Estresse – refere-se às “forças” que podem ser prejudiciais ao indivíduo e devem ser eliminadas;

Adaptação - refere-se à habilidade da pessoa para interagir; Normalidade – refere-se à definição de limites aceitáveis.

Chamando a atenção para a quantidade de discussões teóricas existentes a respeito do que é saúde, Van Hooft (1997) questiona se a continuidade de tais discussões ainda é necessária. Para o autor, distinções entre saúde como completo bem-estar e saúde como ausência de doença, assim como saúde como habilidade para lidar com os desafios da vida e saúde como aptidão física e vitalidade, têm sido amplamente discutidas e deverão continuar sendo, sem que isso implique, necessariamente, em maior empatia dos profissionais de saúde para com os pacientes.

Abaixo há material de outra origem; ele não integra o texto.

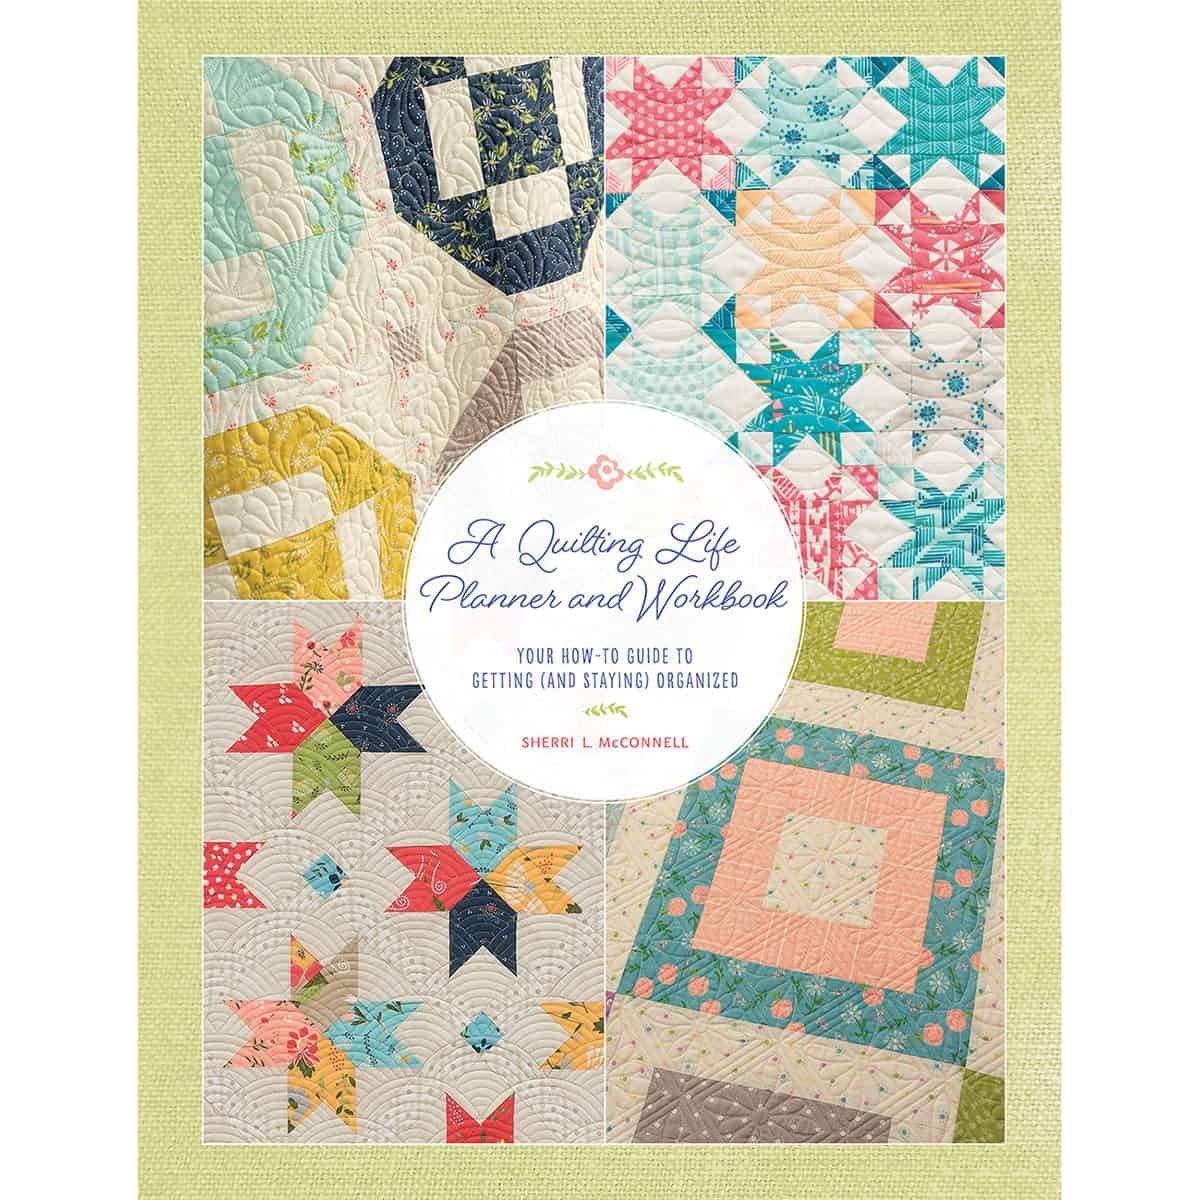 Quilting Life Planner & Workbook December 2022 featured by Top US Quilt Blog, A Quilting Life

Em virtude do aumento da expectativa de vida das pessoas, a incidência de doenças do envelhecimento e crônicas aumentou significativamente, o que estimulou os estudos sobre como se poderia viver bem lidando com a cronicidade. Abriu-se espaço para a atenção à influência de crenças e comportamentos sobre a saúde. Recomendações que hoje são senso comum, começaram a ser divulgadas, como, por ex., evitar as drogas, fazer exercícios físicos, regular a alimentação e evitar comportamento promíscuo (Capitão, Scortegagna & Baptista, 2005; Lyons & Chamberlain, 2005; Sebastiani, Pelicioni & Chiattoni, 2002).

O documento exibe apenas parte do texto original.